> _Dataset content_

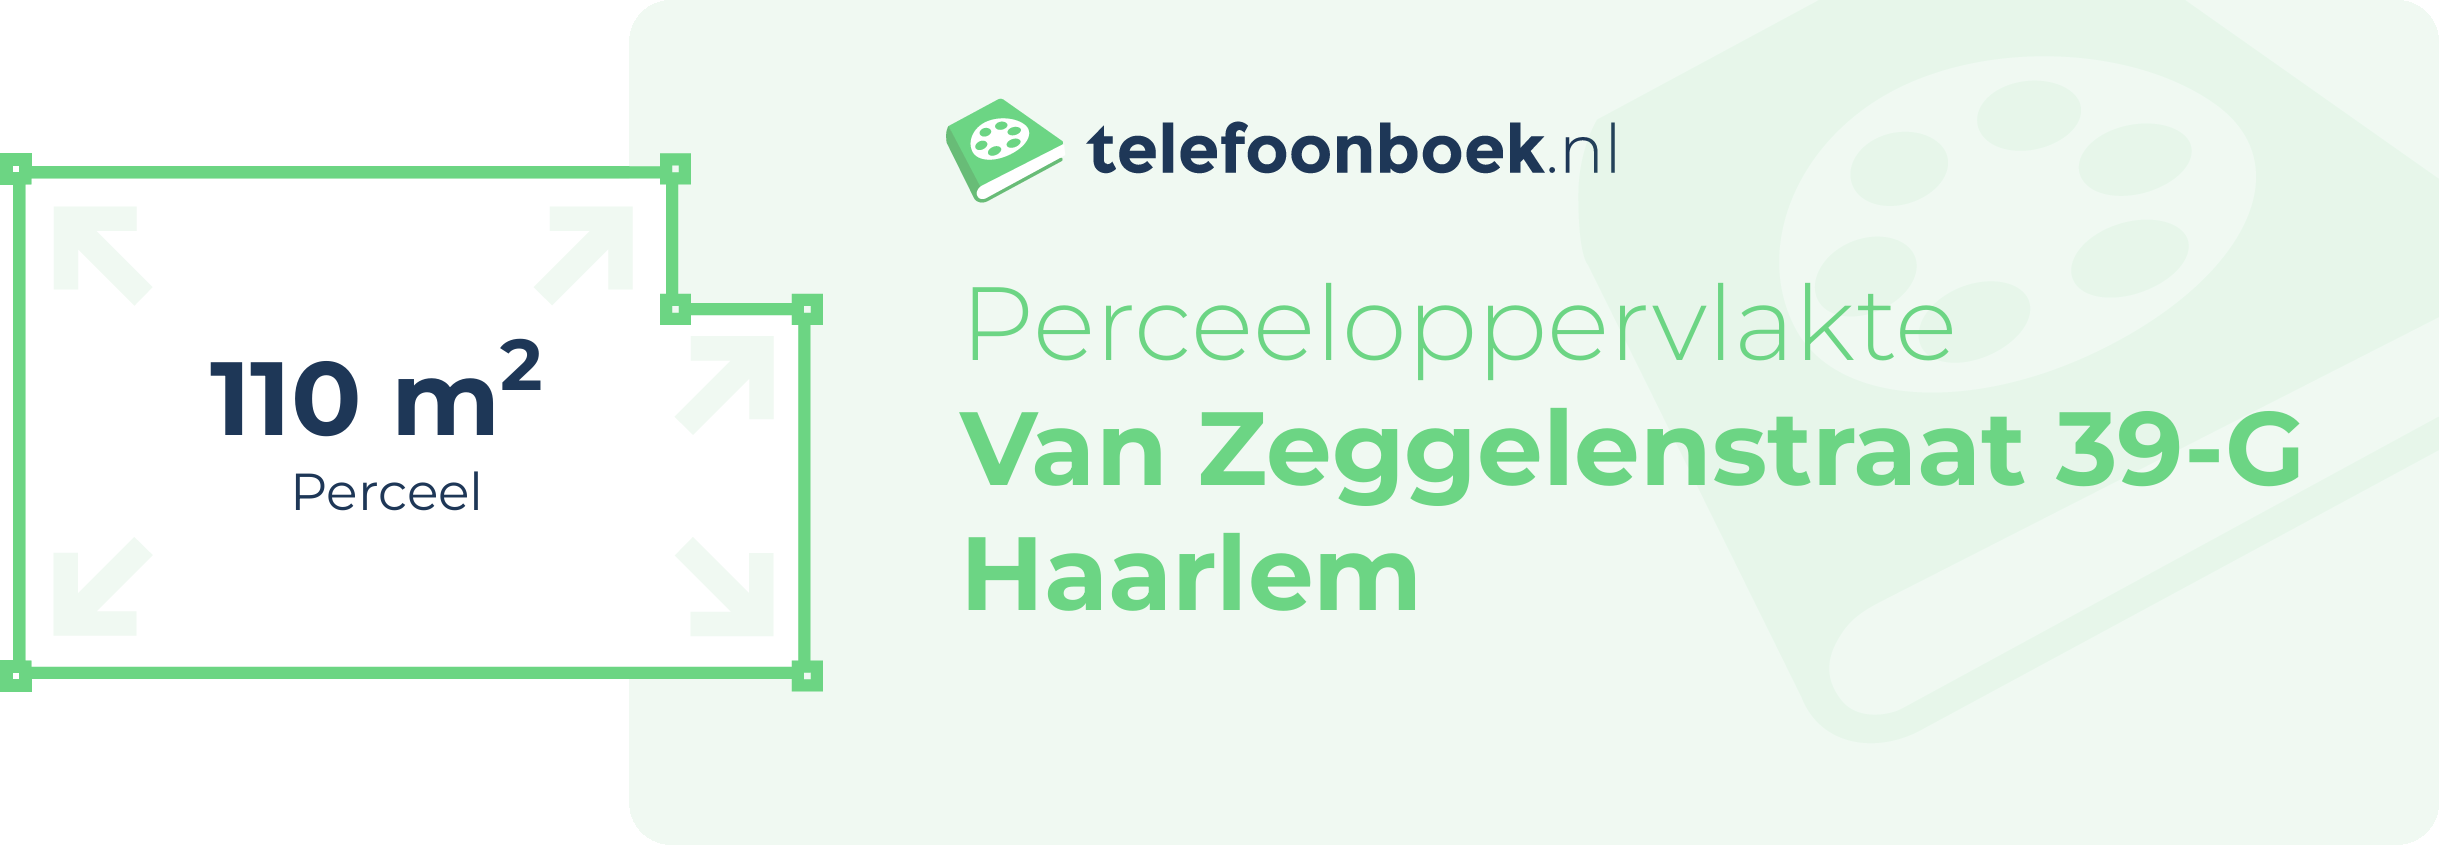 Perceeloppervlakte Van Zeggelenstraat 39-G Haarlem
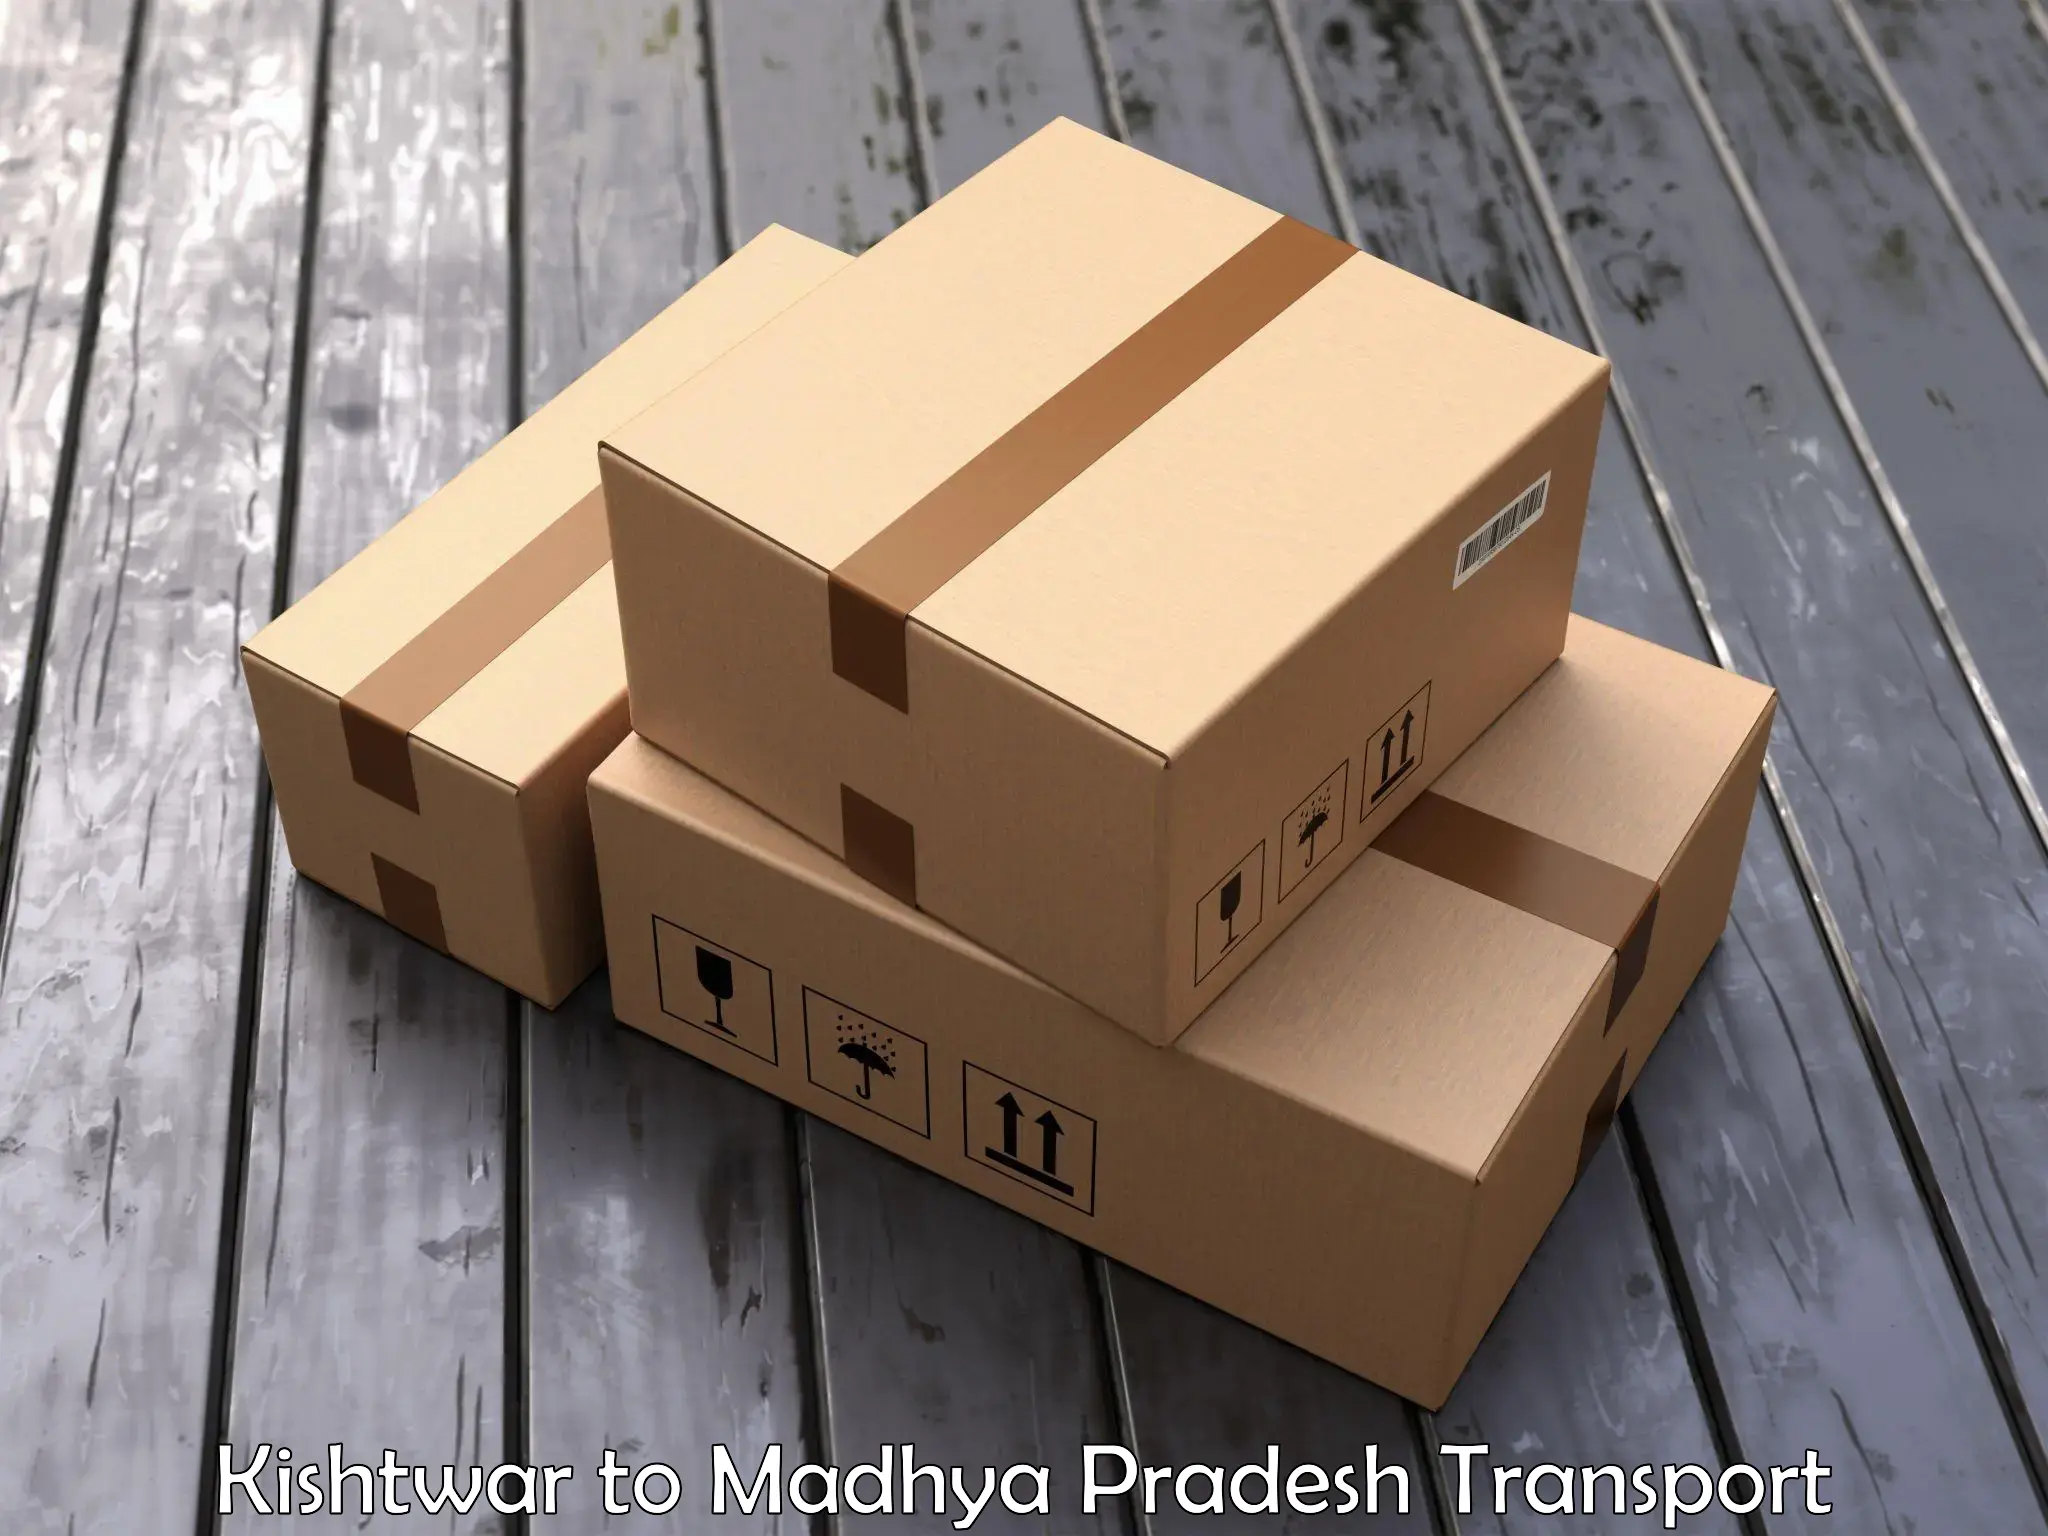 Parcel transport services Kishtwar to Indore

--

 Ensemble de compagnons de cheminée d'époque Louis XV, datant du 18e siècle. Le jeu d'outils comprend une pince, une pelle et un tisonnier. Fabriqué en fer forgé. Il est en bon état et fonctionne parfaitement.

> _Exercise_
The answer must be the part of the records that opens with the line containing "Perceeloppervlakte Van Zeggelenstraat" and closes with the line containing "Parcel transport services Kishtwar to Indore", reproduced exactly, with no pictures.

> _Output for this exercise_
 Perceeloppervlakte Van Zeggelenstraat 39-G Haarlem
 Parcel transport services Kishtwar to Indore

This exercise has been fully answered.